(MATERIAL FOR THE TASK Opens)

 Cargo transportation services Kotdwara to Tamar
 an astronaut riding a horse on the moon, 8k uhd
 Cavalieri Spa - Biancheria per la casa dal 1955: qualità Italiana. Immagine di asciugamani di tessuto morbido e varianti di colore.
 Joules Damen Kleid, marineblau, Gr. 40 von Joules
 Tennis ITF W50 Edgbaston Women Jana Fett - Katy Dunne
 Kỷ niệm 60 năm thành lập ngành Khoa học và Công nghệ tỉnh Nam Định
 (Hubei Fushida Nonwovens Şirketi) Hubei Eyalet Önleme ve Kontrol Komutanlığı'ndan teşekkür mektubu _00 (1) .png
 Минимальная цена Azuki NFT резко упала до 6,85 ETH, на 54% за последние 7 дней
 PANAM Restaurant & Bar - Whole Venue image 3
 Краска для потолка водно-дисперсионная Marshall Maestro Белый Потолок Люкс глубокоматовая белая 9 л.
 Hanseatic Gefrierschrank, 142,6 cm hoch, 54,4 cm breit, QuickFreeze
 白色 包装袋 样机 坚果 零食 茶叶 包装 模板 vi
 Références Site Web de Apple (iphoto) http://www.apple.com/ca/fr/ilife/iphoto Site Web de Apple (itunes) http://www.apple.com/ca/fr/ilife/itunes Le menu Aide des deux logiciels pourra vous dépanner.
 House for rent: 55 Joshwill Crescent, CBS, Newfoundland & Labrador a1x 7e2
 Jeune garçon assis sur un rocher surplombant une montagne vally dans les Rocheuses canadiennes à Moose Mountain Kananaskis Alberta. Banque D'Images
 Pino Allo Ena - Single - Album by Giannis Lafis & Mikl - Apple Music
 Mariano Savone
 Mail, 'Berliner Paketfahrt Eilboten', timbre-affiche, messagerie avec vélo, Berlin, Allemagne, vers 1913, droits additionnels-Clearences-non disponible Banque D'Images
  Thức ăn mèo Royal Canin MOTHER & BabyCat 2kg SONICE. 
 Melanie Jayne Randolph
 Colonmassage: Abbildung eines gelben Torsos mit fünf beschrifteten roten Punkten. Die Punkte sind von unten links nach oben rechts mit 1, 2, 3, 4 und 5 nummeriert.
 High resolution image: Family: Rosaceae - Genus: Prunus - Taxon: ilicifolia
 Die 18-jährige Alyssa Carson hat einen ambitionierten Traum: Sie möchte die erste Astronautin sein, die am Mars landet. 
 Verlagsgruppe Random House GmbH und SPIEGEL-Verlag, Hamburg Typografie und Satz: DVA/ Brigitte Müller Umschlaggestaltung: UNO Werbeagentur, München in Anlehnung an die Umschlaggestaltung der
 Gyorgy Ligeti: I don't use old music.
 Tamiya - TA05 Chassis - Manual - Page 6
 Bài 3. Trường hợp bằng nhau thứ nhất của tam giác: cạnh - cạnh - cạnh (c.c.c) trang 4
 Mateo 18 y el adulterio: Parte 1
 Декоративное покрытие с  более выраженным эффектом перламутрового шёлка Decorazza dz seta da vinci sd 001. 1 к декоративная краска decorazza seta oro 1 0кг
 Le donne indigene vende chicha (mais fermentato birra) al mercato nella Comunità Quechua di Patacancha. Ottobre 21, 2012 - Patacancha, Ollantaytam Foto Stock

(MATERIAL FOR THE TASK Closes)

Report only how many lines in the entries above contain the string "Images".

* _RESPONSE_:
2